本文利用Adomian方法來求取樑在強非線性彈性基底上時之靜態撓曲的解析解，如果外力之函數是可析函數(Analytic function)，則推導所得的樑之非線性撓曲可以馬克勞林級數(Maclaurin series)表示之，同時亦推導出此馬克勞林級數之係數間的遞迴關係式。結果顯示，所提出的方法是精確有效的，有效的成功應用於強非線性問題，結果獲得與擾動法(perturbation)做比較。發現擾動法解的誤差將隨之非線性係數之增加而增加，同時亦將隨著外力的增加而增加。

The LADM in the nonlinear heat transfer and beam structure can be widely used in engineering.
The purpose of this thesis is to propose the Laplace Adomian Decomposition Method (LADM) for studying the nonlinear temperature and thermal stress analysis of annular fins with time dependent boundary condition.
The nonlinear behavior of temperature and thermal stress distribution in an annular fin with rectangular profile subjected to time dependent periodic temperature variations at the root is studied by the LADM. The radiation effect is considered. The convective heat transfer coefficient is considered as a temperature function.
The proposed solution method is helpful in overcoming the computational bottleneck commonly encountered in industry and in academia. The results show that the circumferential stress at the root of the fin will be important in the fatigue analysis.
This study presents an effective solution method to analyze the nonlinear behavior of temperature and thermal stress distribution in an annular fin with rectangular profile subjected to time dependent periodic temperature variations at the root by using LADM.

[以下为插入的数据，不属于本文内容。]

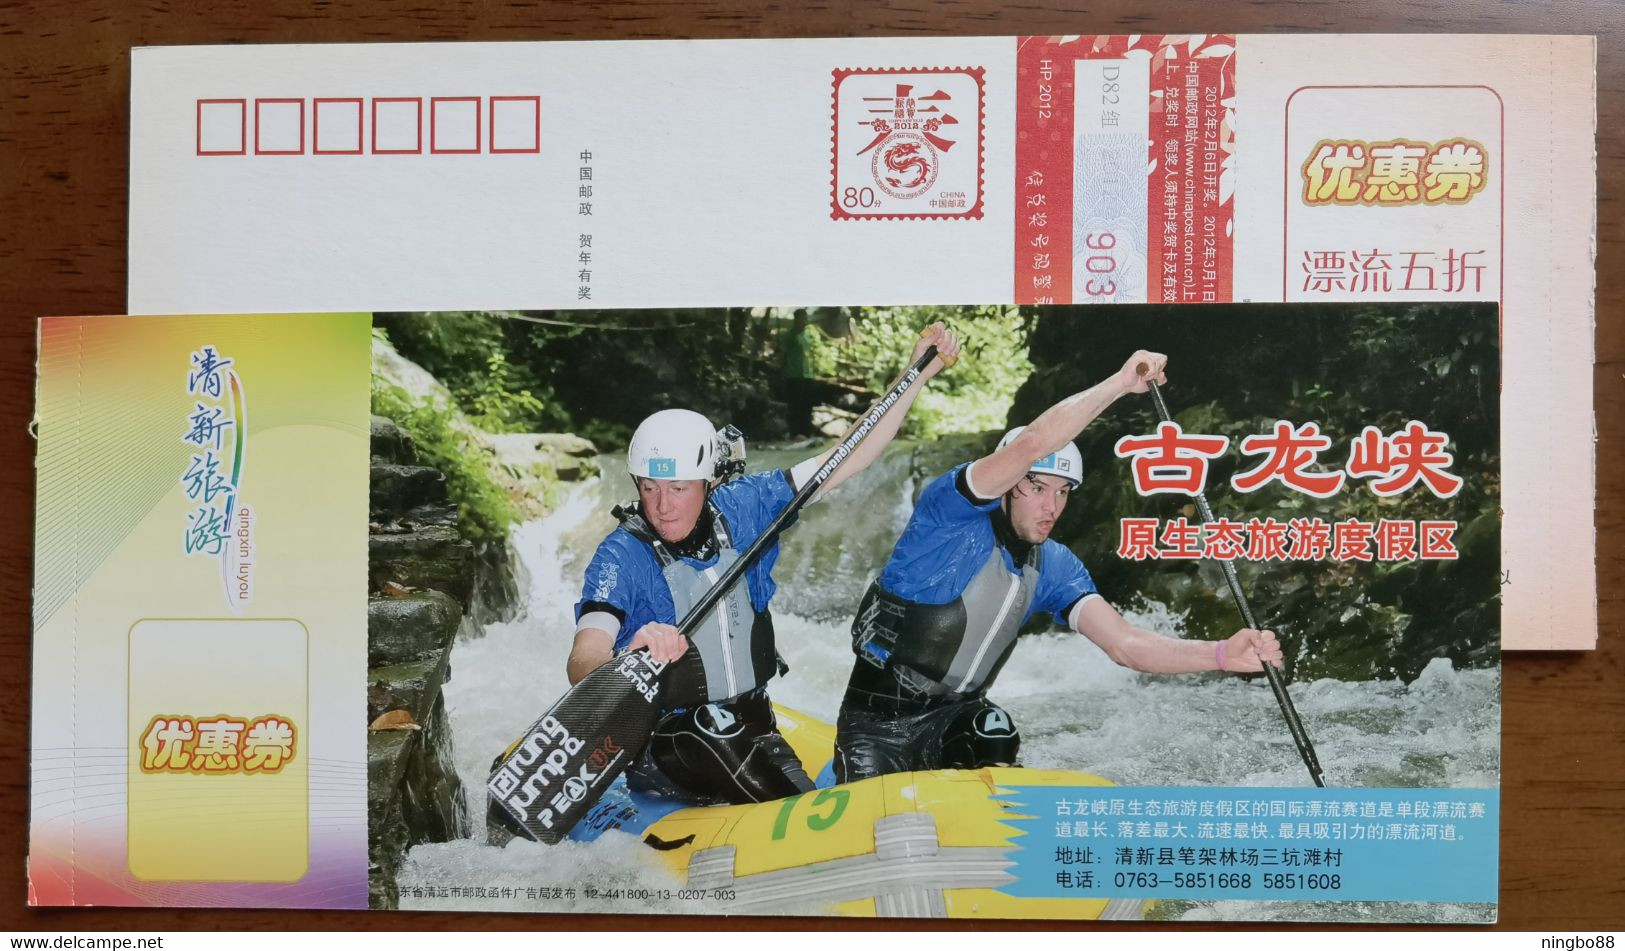 Stream Rafting On Rubber Boat In Gulong Gorge,China 2008 Qingxian County Original Eco-tourism Resort Pre-stamped Card - Rafting

However, the analytic static deflection solutions of beams resting on nonlinear elastic foundations are developed by the modified Adomian method. If the applied force function is an analytic function, then the deflection function can be derived and expressed in Maclaurin series. A recurrence relation for the coefficients of the Maclaurin series is derived. It is shown that the proposed solution method is accurate and efficient. The solution method can be successfully applied to the problem with strong nonlinearity. The results are also compared with those obtained by the perturbation method. It is found that the error of the perturbation solution will increase not only when the nonlinear parameter is increased but also when the applied load is increased.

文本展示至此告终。